Moses Lowman (1680–1752) was an English nonconformist minister, known as a Biblical commentator.
Born in London, he became a student at the Middle Temple in 1697, but a year later abandoned law for divinity. On 17 September 1698 he entered the university of Leyden, and studied theology at Utrecht under Gerard de Vries and Witsius.
In 1710 he became assistant to Mr. Grace, presbyterian minister at Clapham; from 1714 till his death Lowman acted as chief minister to the congregation there. In 1716 Lowman contributed to the second volume of the religious periodical called Occasional Papers, and in 1735 he preached, at Salters' Hall a sermon entitled The Principles of Popery Schismatical. Though very active, he does not seem to have shown ability as a preacher.
Lowman died on 2 May 1752; Samuel Chandler preached his funeral sermon.
Lowman entered into controversy with Anthony Collins the deist in ‘Argument from Prophecy that Jesus is the Messiah vindicated, in some considerations on the Prophecies of the Old Testament as grounds and reasons of the Christian Religion,’ a treatise written in 1718, but not printed till 1733. It was praised by John Leland.
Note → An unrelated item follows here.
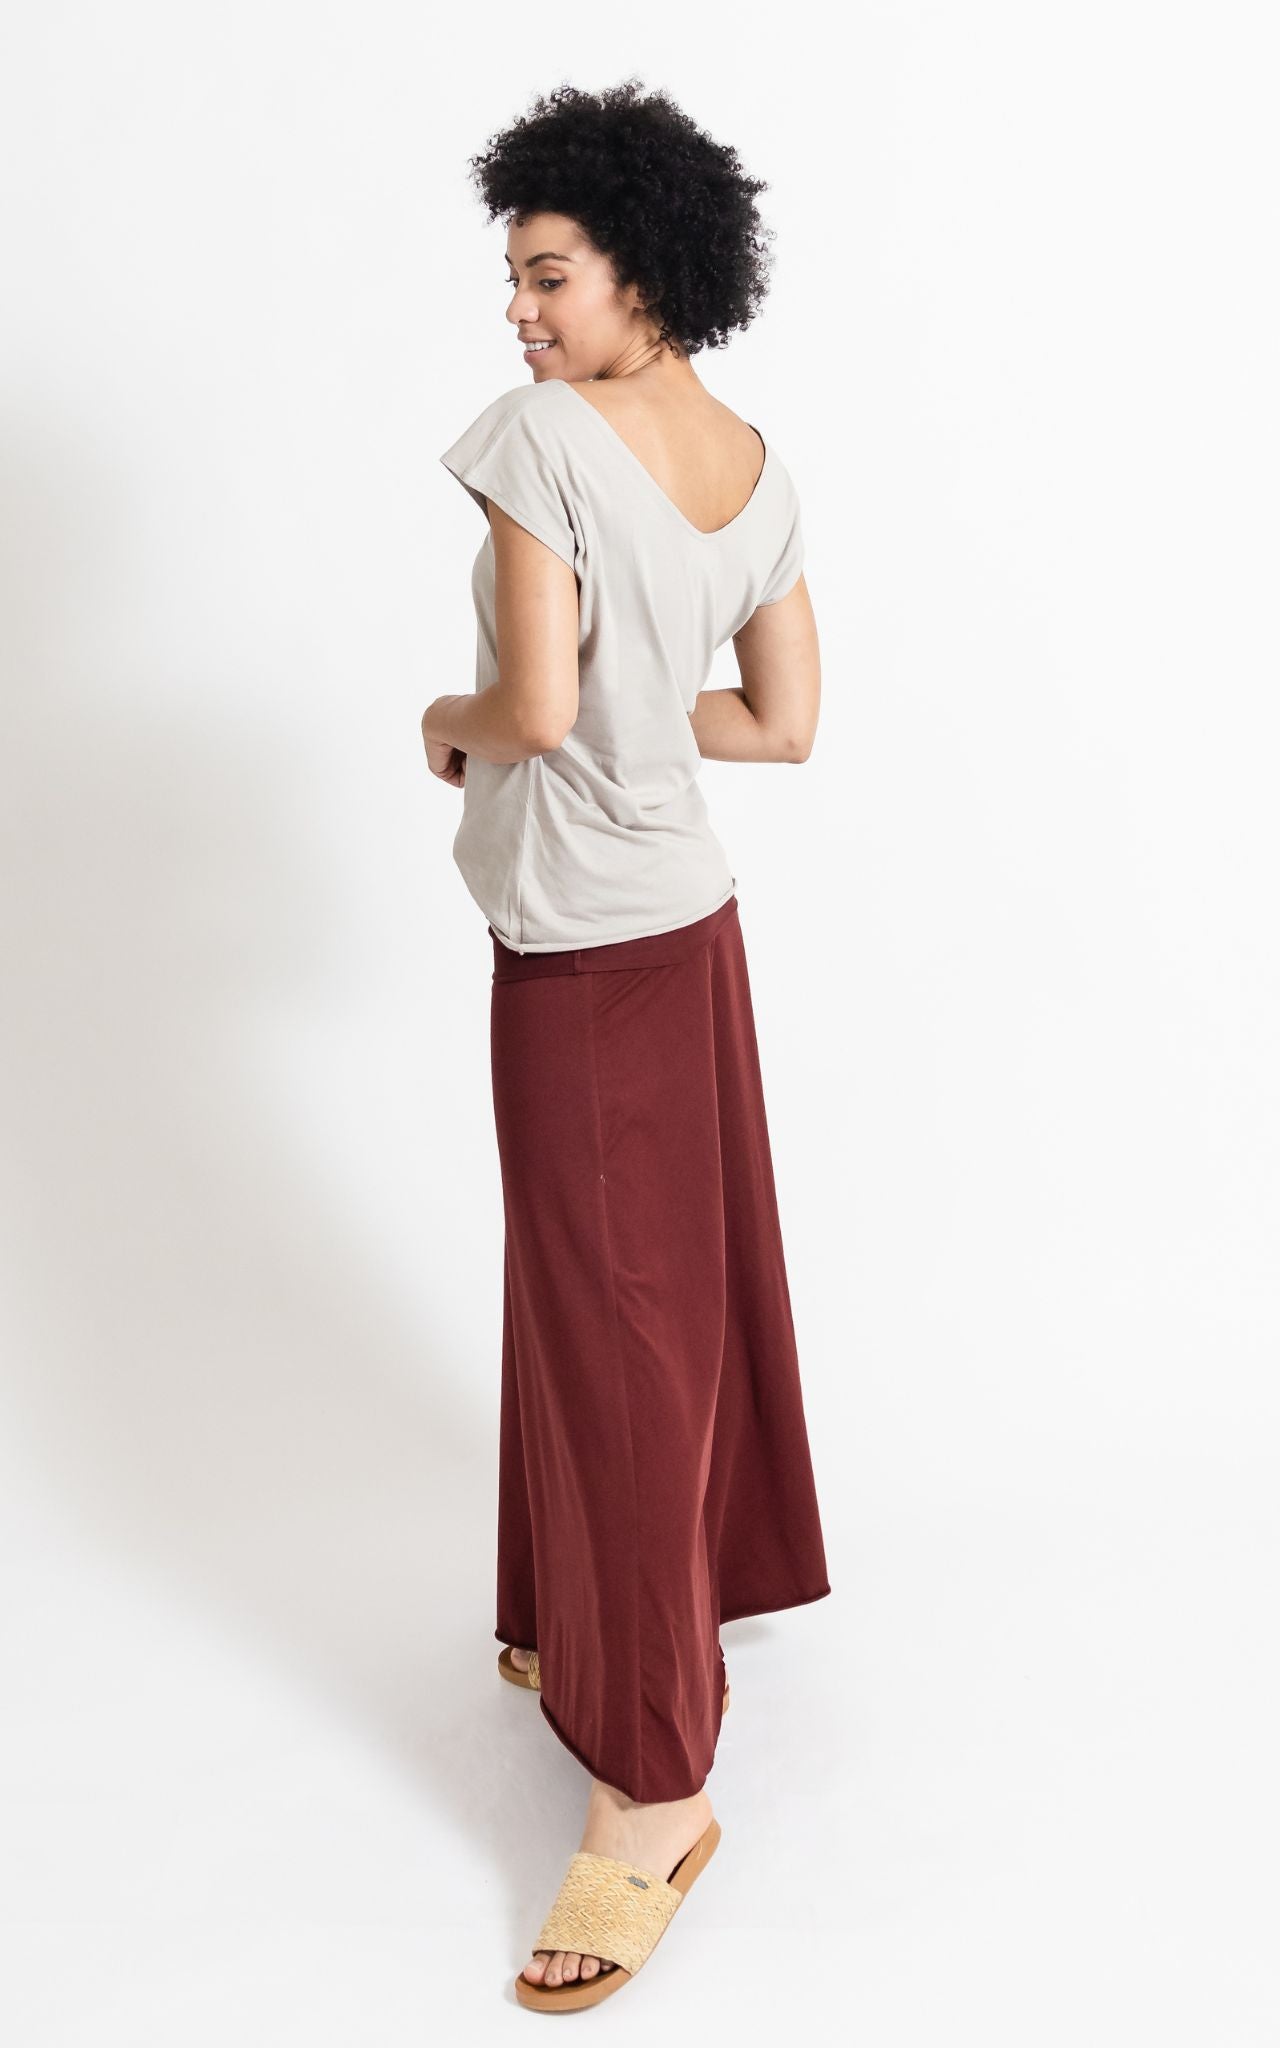 Surya Australia Organic Cotton Maxi 'Sonder' Skirt made in Nepal - Berry

Lowman was known as an authority on Jewish antiquities, his reputation resting mainly on his ‘Dissertation on the Civil Government of the Hebrews,’ 1740, 2nd edit., with appendix, 1745. It was written in answer to Thomas Morgan's Moral Philosopher, and said to have been approved by William Sherlock and other Anglican churchmen. Lowman's ‘Paraphrase and Notes upon the Revelation of St. John’ (1737, 1745; 1791, 1807) was commended by Philip Doddridge; it formed the concluding portion of collective editions of the ‘Commentaries’ of Simon Patrick, William Lowth, Daniel Whitby, and Richard Arnald.